ACTION ITEM:
Word for word, restate the lines of the material below from its first line through the one containing "Aldo Spinelli". Omit the rest.

SOURCE MATERIAL:
======

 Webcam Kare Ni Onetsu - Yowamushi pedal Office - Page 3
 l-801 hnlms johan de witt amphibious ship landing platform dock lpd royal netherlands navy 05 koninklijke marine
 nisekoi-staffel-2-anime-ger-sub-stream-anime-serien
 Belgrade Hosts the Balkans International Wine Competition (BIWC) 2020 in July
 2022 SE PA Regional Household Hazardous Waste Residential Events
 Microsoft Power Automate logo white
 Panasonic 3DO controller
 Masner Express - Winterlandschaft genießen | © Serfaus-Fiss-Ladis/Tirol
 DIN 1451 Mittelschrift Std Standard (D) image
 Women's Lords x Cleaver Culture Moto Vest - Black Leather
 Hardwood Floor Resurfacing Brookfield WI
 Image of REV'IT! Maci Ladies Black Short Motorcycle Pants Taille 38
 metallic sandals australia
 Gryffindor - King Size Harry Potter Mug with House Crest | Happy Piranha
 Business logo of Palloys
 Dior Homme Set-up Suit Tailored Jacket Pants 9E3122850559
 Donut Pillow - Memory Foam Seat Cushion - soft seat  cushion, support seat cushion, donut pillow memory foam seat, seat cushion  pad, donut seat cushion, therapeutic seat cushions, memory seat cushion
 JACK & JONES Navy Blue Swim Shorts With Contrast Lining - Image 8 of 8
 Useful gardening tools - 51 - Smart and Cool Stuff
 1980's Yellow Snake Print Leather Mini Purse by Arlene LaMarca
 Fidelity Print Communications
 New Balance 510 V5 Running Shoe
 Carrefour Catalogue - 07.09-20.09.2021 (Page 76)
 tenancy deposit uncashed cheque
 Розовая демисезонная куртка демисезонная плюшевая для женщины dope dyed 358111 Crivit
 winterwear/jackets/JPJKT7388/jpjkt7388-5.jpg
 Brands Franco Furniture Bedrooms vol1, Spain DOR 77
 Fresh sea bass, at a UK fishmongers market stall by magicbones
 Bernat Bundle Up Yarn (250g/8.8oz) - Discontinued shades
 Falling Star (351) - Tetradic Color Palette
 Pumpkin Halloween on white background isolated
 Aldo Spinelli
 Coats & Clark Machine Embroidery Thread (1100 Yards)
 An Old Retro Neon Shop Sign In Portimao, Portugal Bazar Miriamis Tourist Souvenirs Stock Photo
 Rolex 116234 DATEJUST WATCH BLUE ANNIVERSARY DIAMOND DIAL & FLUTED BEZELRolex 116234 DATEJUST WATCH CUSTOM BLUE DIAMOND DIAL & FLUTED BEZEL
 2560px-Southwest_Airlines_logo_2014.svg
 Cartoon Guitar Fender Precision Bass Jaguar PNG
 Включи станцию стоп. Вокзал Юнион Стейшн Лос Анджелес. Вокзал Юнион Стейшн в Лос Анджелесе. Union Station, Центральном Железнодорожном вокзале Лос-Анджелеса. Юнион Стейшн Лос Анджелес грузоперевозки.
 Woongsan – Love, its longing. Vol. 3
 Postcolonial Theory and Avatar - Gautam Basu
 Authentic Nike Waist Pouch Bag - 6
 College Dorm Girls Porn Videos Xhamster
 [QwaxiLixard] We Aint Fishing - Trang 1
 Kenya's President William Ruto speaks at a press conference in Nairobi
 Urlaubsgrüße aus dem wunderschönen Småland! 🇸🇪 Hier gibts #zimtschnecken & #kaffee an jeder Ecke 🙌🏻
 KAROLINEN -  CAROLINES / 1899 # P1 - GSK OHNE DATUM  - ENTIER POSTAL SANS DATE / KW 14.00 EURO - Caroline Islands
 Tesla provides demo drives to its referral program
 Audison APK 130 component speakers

======

EXPECTED OUTPUT:
 Webcam Kare Ni Onetsu - Yowamushi pedal Office - Page 3
 l-801 hnlms johan de witt amphibious ship landing platform dock lpd royal netherlands navy 05 koninklijke marine
 nisekoi-staffel-2-anime-ger-sub-stream-anime-serien
 Belgrade Hosts the Balkans International Wine Competition (BIWC) 2020 in July
 2022 SE PA Regional Household Hazardous Waste Residential Events
 Microsoft Power Automate logo white
 Panasonic 3DO controller
 Masner Express - Winterlandschaft genießen | © Serfaus-Fiss-Ladis/Tirol
 DIN 1451 Mittelschrift Std Standard (D) image
 Women's Lords x Cleaver Culture Moto Vest - Black Leather
 Hardwood Floor Resurfacing Brookfield WI
 Image of REV'IT! Maci Ladies Black Short Motorcycle Pants Taille 38
 metallic sandals australia
 Gryffindor - King Size Harry Potter Mug with House Crest | Happy Piranha
 Business logo of Palloys
 Dior Homme Set-up Suit Tailored Jacket Pants 9E3122850559
 Donut Pillow - Memory Foam Seat Cushion - soft seat  cushion, support seat cushion, donut pillow memory foam seat, seat cushion  pad, donut seat cushion, therapeutic seat cushions, memory seat cushion
 JACK & JONES Navy Blue Swim Shorts With Contrast Lining - Image 8 of 8
 Useful gardening tools - 51 - Smart and Cool Stuff
 1980's Yellow Snake Print Leather Mini Purse by Arlene LaMarca
 Fidelity Print Communications
 New Balance 510 V5 Running Shoe
 Carrefour Catalogue - 07.09-20.09.2021 (Page 76)
 tenancy deposit uncashed cheque
 Розовая демисезонная куртка демисезонная плюшевая для женщины dope dyed 358111 Crivit
 winterwear/jackets/JPJKT7388/jpjkt7388-5.jpg
 Brands Franco Furniture Bedrooms vol1, Spain DOR 77
 Fresh sea bass, at a UK fishmongers market stall by magicbones
 Bernat Bundle Up Yarn (250g/8.8oz) - Discontinued shades
 Falling Star (351) - Tetradic Color Palette
 Pumpkin Halloween on white background isolated
 Aldo Spinelli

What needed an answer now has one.